Through the Looking Glass Children's Book Reviews

The Year of the Fortune Cookie

The Year of the Fortune Cookie

Andrea Cheng
Illustrator:  Patrice Barton 
Fiction  Series
For ages 7 to 9
Houghton Mifflin Harcourt, 2015   ISBN: 978-0544455924

Anna Wang cannot imagine what it would be like not to have her little sister, Kaylee, in her life, and yet it was not that long ago that Kaylee came to join their family. Over a year ago Anna’s mother and father went to Beijing in China and adopted Kaylee. Back in February Mrs. Sylvester and his husband came over to Anna’s house to talk to Anna’s parents about what it was like to adopt a Chinese baby. Now, in September, the Sylvesters have finally been approved by the Chinese government, and in December they will be going to Beijing to pick up their new baby.

The Sylvesters would like Anna and her mother to go with them, but Mrs. Wang cannot take time off from work for two weeks, and so it is decided that Anna will go with the Sylvesters on her own. The prospect of going on such a journey really excites Anna. Maybe she could even visit the orphanage where Kaylee lived for a while.
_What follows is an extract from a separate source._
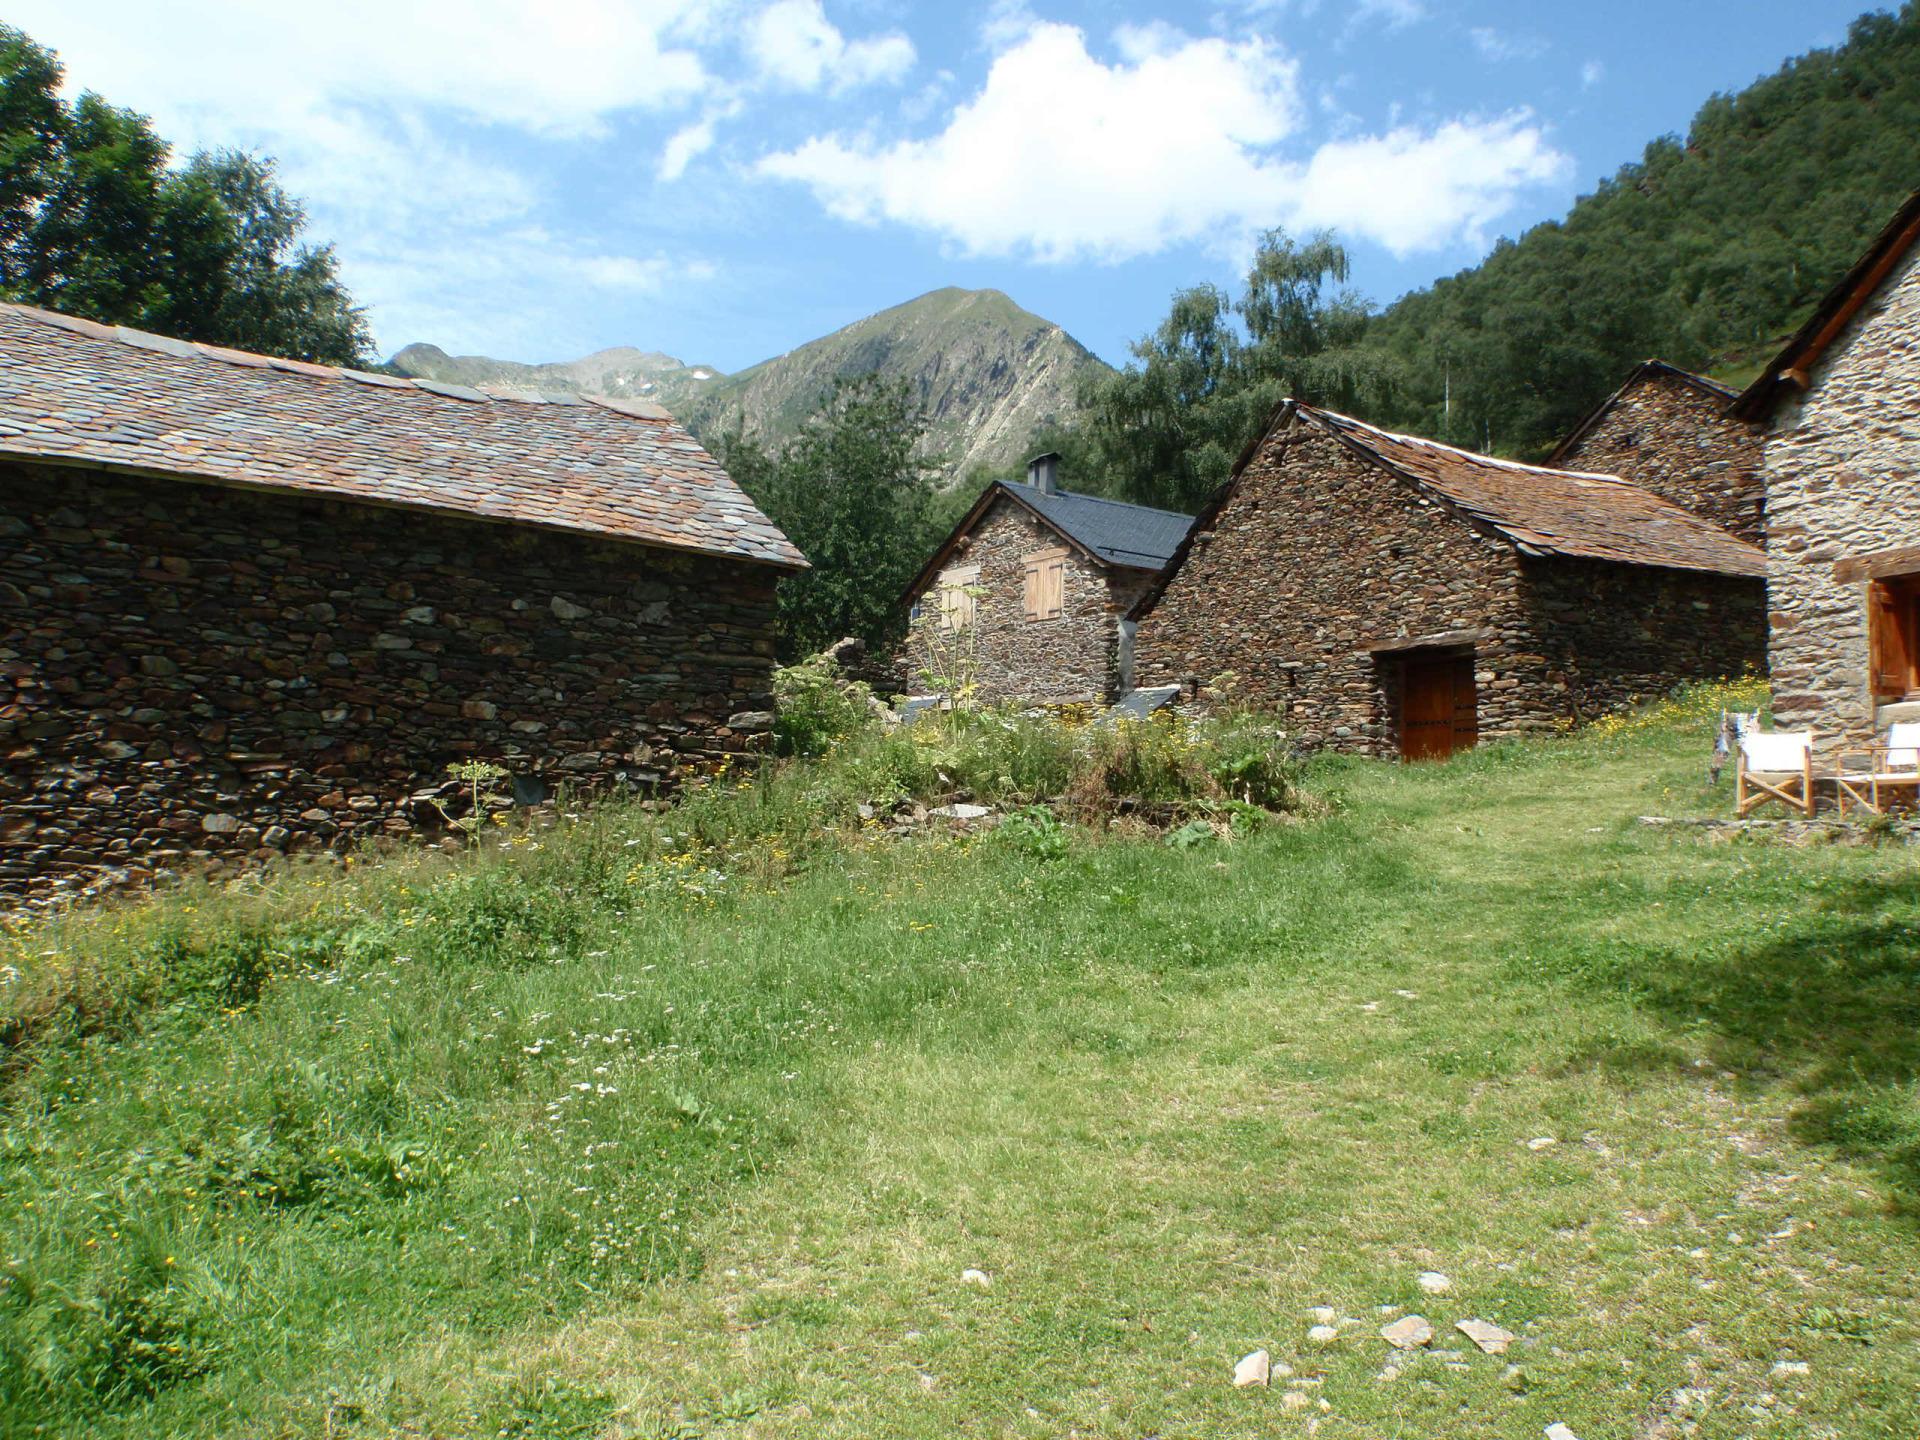 Pyrenees 2016 and celebrating birthday

In the months leading up to the grand adventure Anna works on a new unit in school called “Who am I?” There are many parts to the unit that interconnect, and Anna starts thinking about who she is on many different levers. What makes her the person she is today? Certainly her Chinese origins are a big part of who she is, but then there is the American part of her as well. Is one part bigger than the other? Does it even matter?

Anna joins a club at school called CAT (Committee Action Team) and soon she is helping out with community projects. When she tells her new friends about her upcoming trip, and that she is hoping to visit the orphanage where Kaylee lived, they decide to raise some money for the orphanage. By making and selling fortune cookies they make over two hundred dollars that Anna will take to China with her when she visits. Later Anna decides that it would be nice to take gifts to the babies at the orphanage too, and soon she and her friends, and some adults as well, are knitting little hats for all the babies.

Not surprisingly, when it is time to leave for China Anna starts to get anxious. She has never been away from her family, let alone for two whole weeks. If she gets homesick she won’t be able to come home. At the same time, Anna really wants to find out what China is like, to learn something about the birthplace of her mother and her little sister. Maybe going to China will help her better understand who she is.

It turns out that China is full of surprises for a ten-year-old who has never been on a long overseas trip before. Beijing is an incredibly noisy, busy place, and Anna’s Chinese is not good enough to carry on a conversation with the people she meets. Anna, the Sylvesters and the other couples who are in Beijing to adopt babies are taken to see the sights including the Great Wall of China and the Forbidden City. Anna also makes friends with Fan, a teenager who works in the hotel restaurant. Thanks to Fan, Anna starts to see what it would like to live in Beijing.

In this third book about Anna Wang, the girl who not long ago did not really want to go to her Chinese language lessons, begins to connect with her Chinese heritage in a very special way. Readers will get caught up in her story and will want to know what it is like for a girl born and raised in America to go to China. The story brings up interesting questions about self, identity, community and family, and it invites readers to think about who they are.